一个<em>在体外</em>对雌激素敏感的乳腺癌休眠模式在骨髓中:分子机理研究与假设生成的一个工具
Summary
We developed an in vitro model of dormancy in the bone marrow for estrogen-sensitive breast cancer cells. The goal of this protocol is to demonstrate use of the model for the study of the molecular and cellular biology of dormancy and for generation of hypotheses for subsequent testing in vivo.
Abstract
The study of breast cancer dormancy in the bone marrow is an exceptionally difficult undertaking due to the complexity of the interactions of dormant cells with their microenvironment, their rarity and the overwhelming excess of hematopoietic cells. Towards this end, we developed an in vitro 2D clonogenic model of dormancy of estrogen-sensitive breast cancer cells in the bone marrow. The model consists of a few key elements necessary for dormancy. These include 1) the use of estrogen sensitive breast cancer cells, which are the type likely to remain dormant for extended periods, 2) incubation of cells at clonogenic density, where the structural interaction of each cell is primarily with the substratum, 3) fibronectin, a key structural element of the marrow and 4) FGF-2, a growth factor abundantly synthesized by bone marrow stromal cells and heavily deposited in the extracellular matrix.

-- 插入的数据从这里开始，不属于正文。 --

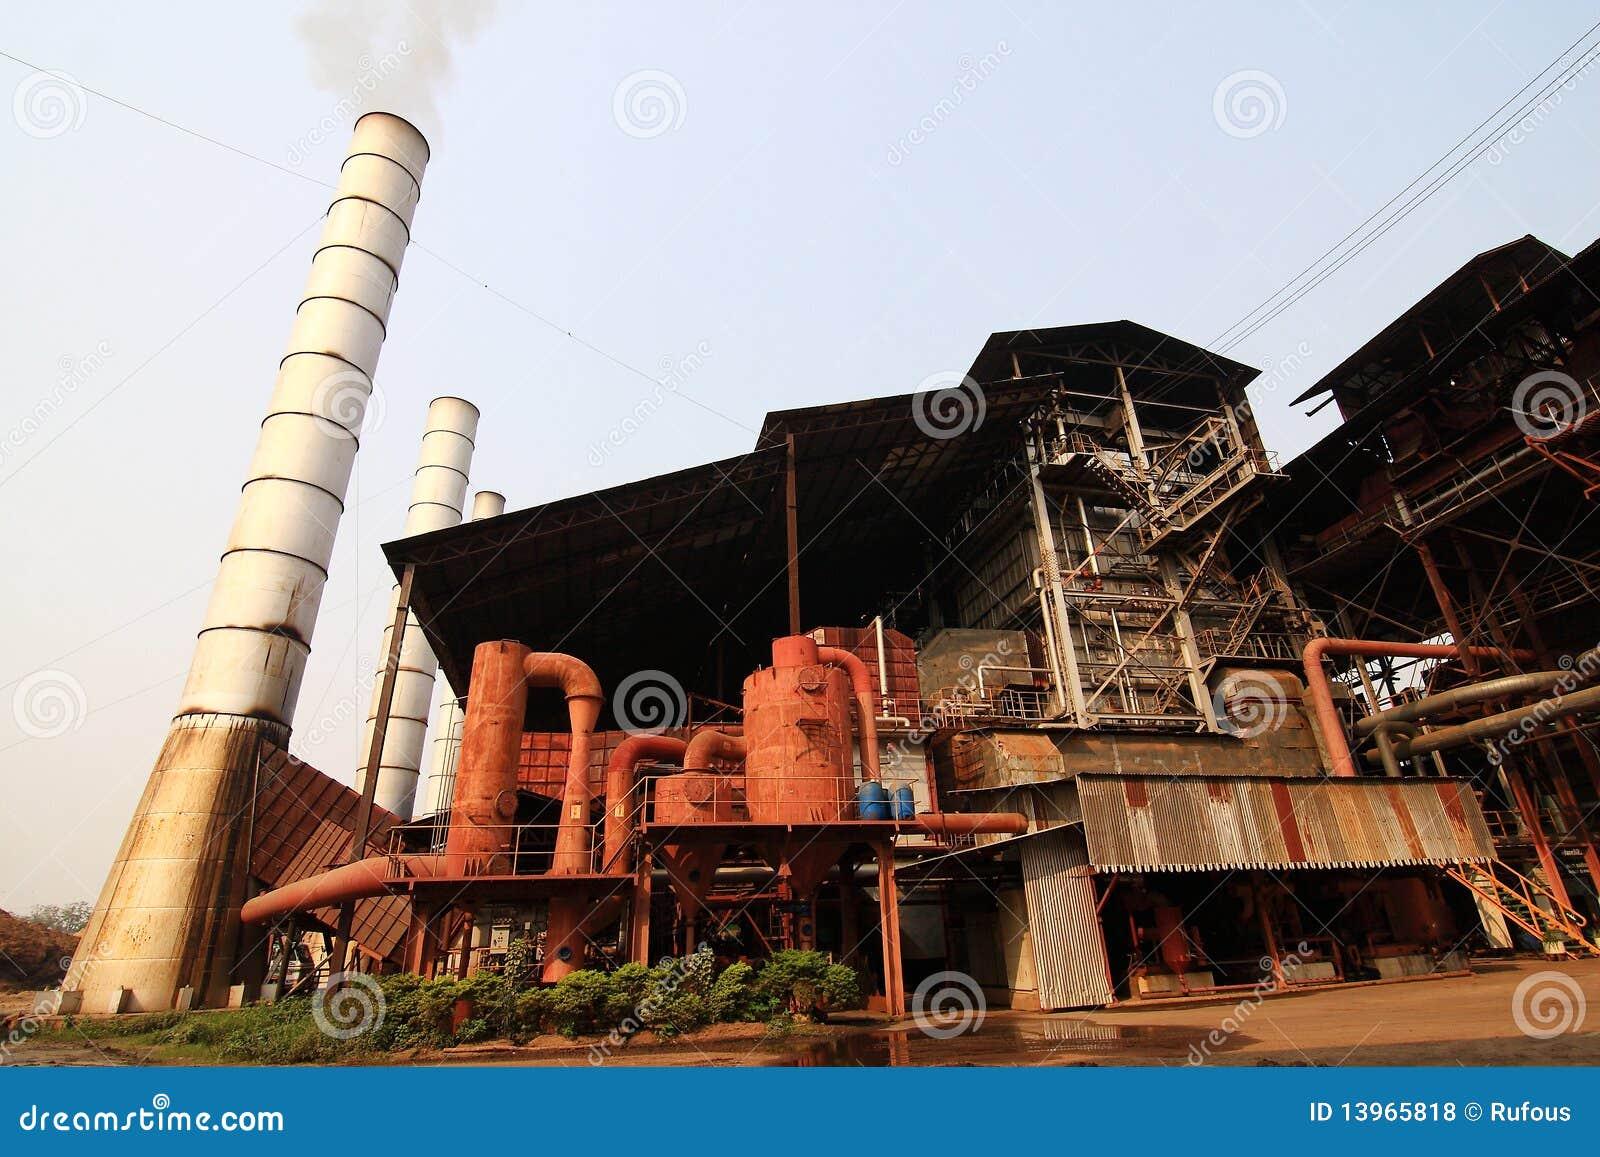 Sugar Cane Factory Royalty Free Stock Photos - Image: 13965818
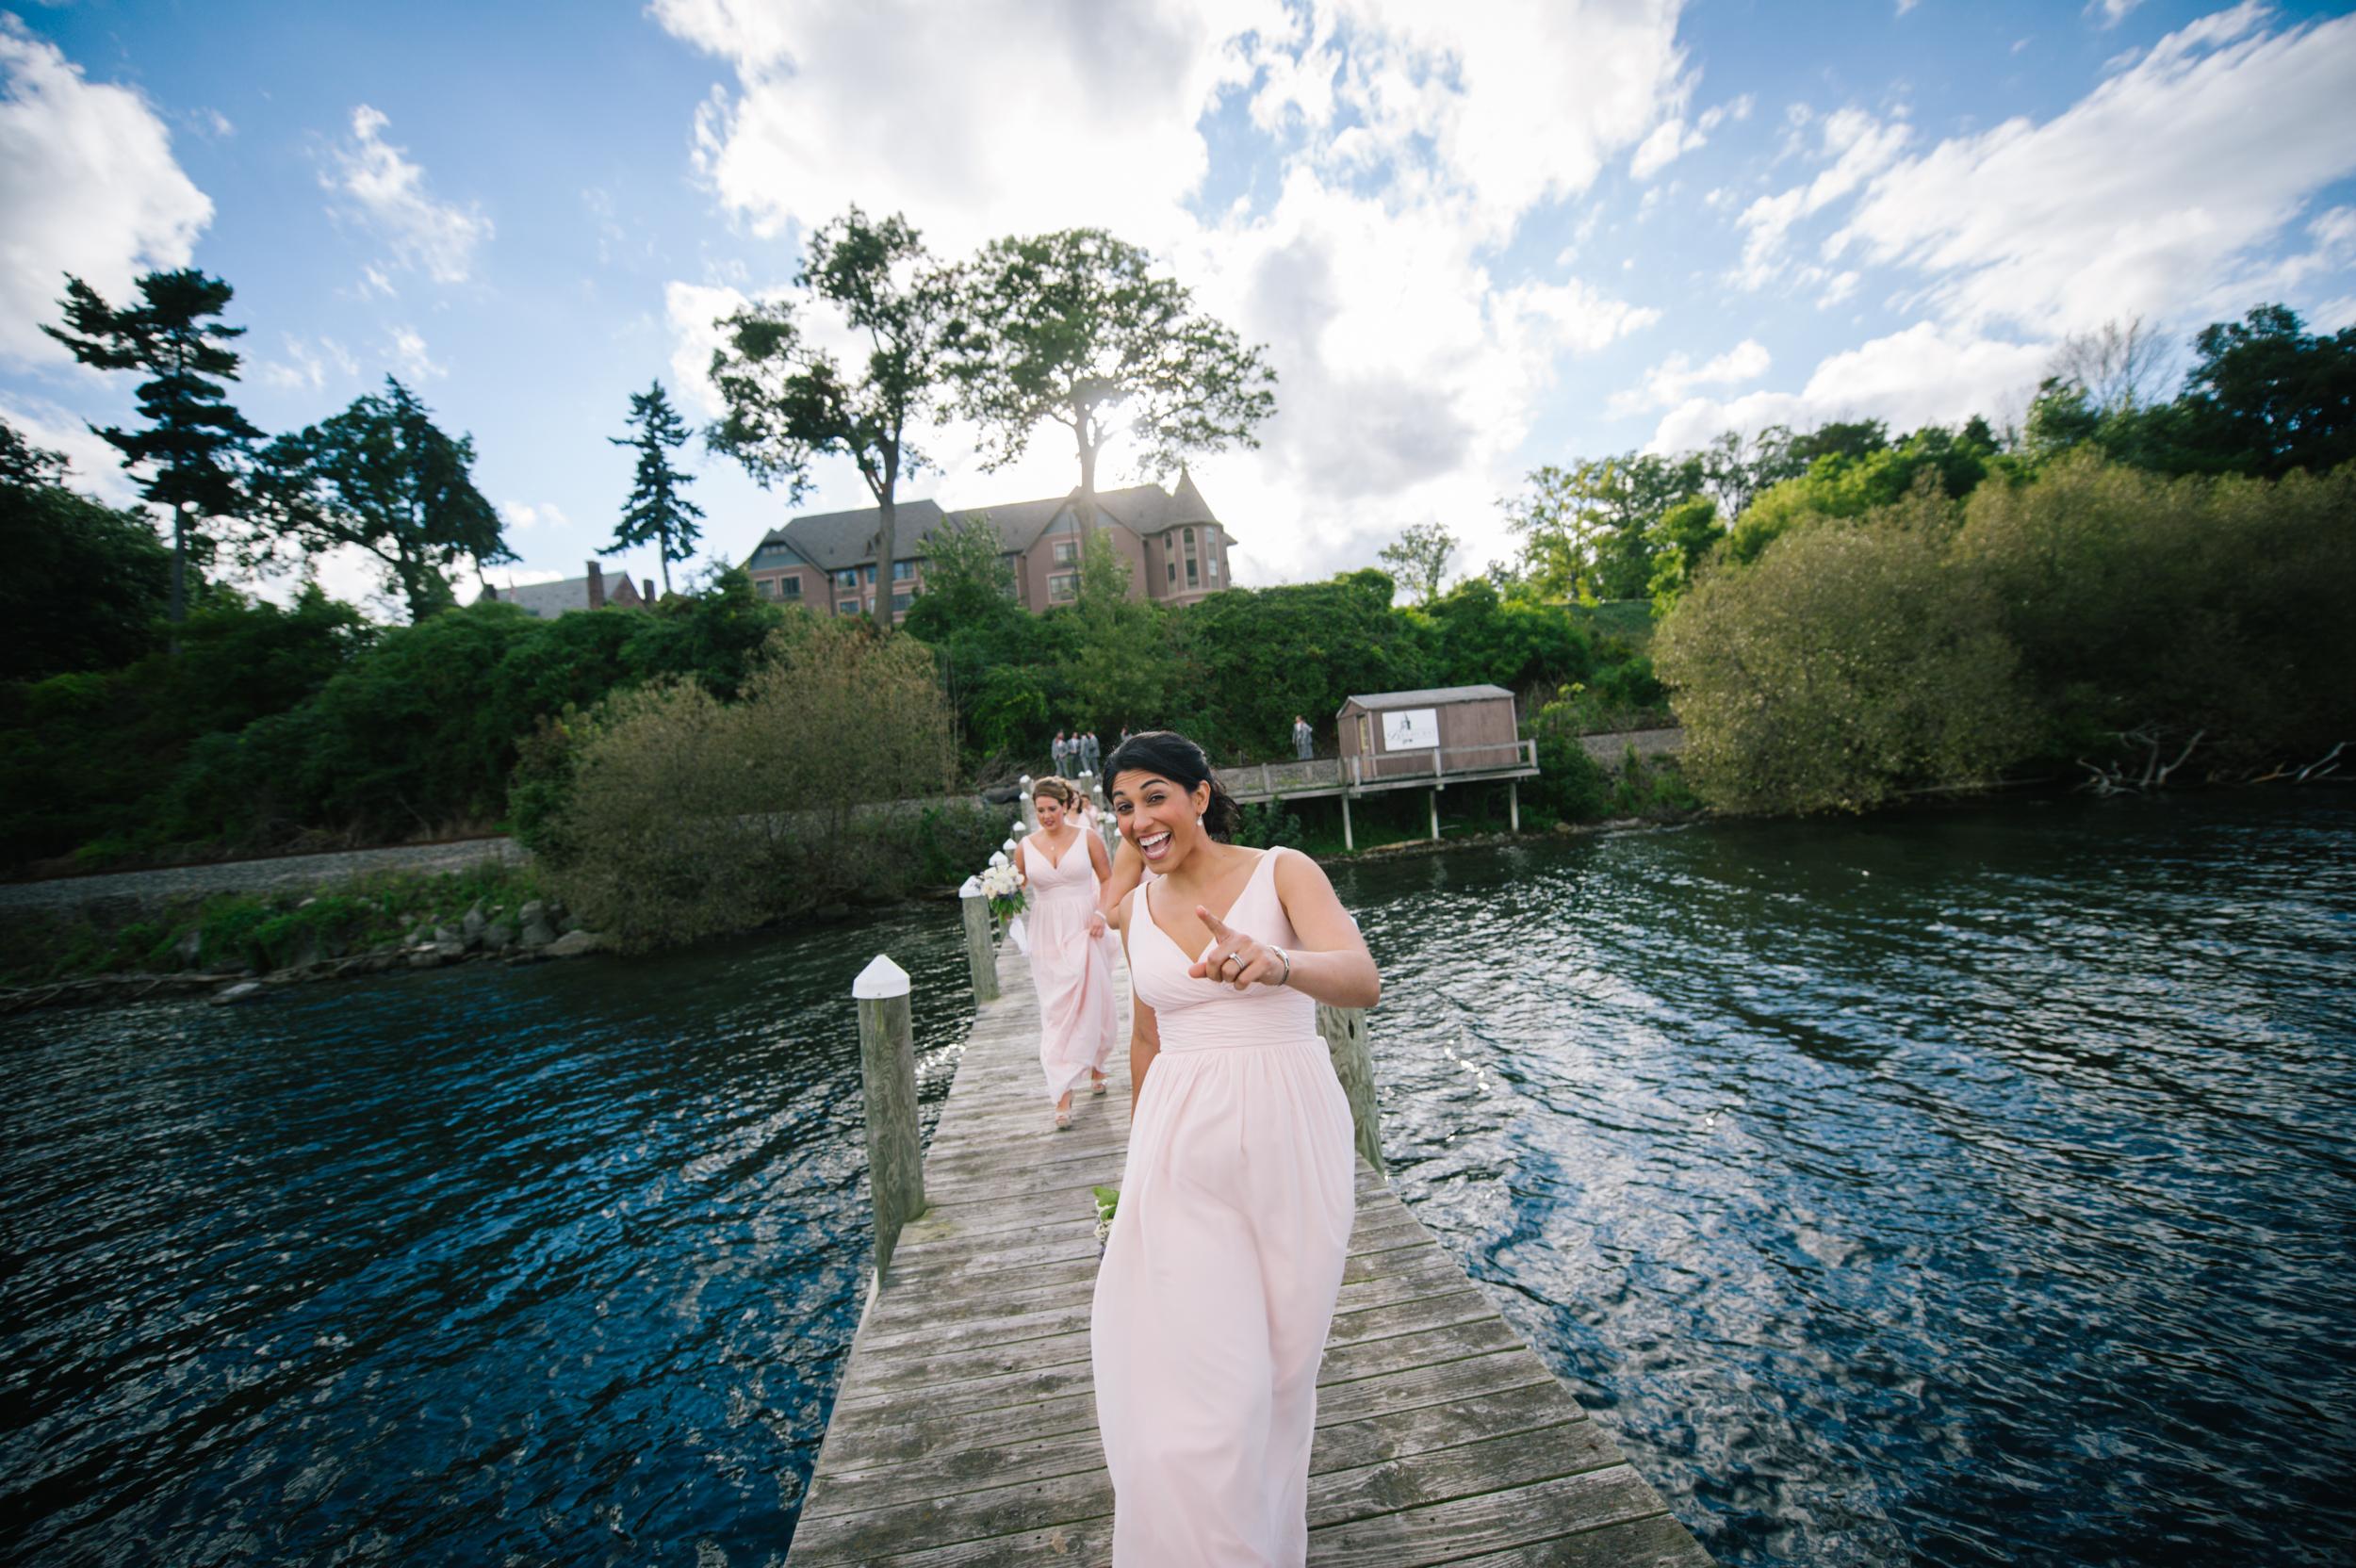 JKP-Destination-Weddings-0097.JPG

Cells incubated with FGF-2 form dormant clones after 6 days, which consist of 12 or less cells that have a distinct flat appearance, are significantly larger and more spread out than growing cells and have large cytoplasm to nucleus ratios. In contrast, cells incubated without FGF-2 form primarily growing colonies consisting of >30 relatively small cells. Perturbations of the system with antibodies, inhibitors, peptides or nucleic acids on day 3 after incubation can significantly affect various phenotypic and molecular aspects of the dormant cells at 6 days and can be used to assess the roles of membrane-localized or intracellular molecules, factors or signaling pathways on the dormant state or survival of dormant cells. While recognizing the in vitro nature of the assay, it can function as a highly useful tool to glean significant information about the molecular mechanisms necessary for establishment and survival of dormant cells. This data can be used to generate hypotheses to be tested in vivo models.
Introduction
乳腺癌细胞转移到骨髓病前是可检测1,只要小的肿瘤发展的血管2,3。转移过程是快,但效率不高。细胞迅速进入新的血管,在数百万个4天,但行程到远处器官5几年生存。尽管如此,一些微生存在骨和可以发现以单细胞或在从初诊患者1骨髓抽吸小细胞团块。这些细胞抗蚀辅助化疗,其施用于消除他们6的根本目的。这种阻力被赋予的,基本上,通过存活通过与骨髓微7,8-相互作用信令发起的。微转移可以在大约三分之一的妇女局部乳腺癌的发现,代表了生存的独立指标时,单因素分析分析9。一些microme转移瘤是开始增长,但复发模式依赖于细胞类型。例三阴性乳腺癌往往1〜4年之间复发,这表明穷人控制了休眠状态。其他类型的细胞,包括ER / PR +细胞,可以保持休眠长达20年,复发10的稳定,连续速率。而在ER +和ER-乳腺癌细胞系和肿瘤之间休眠的 基因表达签名的差异反映了不同的休眠潜力11,与骨髓基质相互作用可能代表到休眠一个显著的贡献。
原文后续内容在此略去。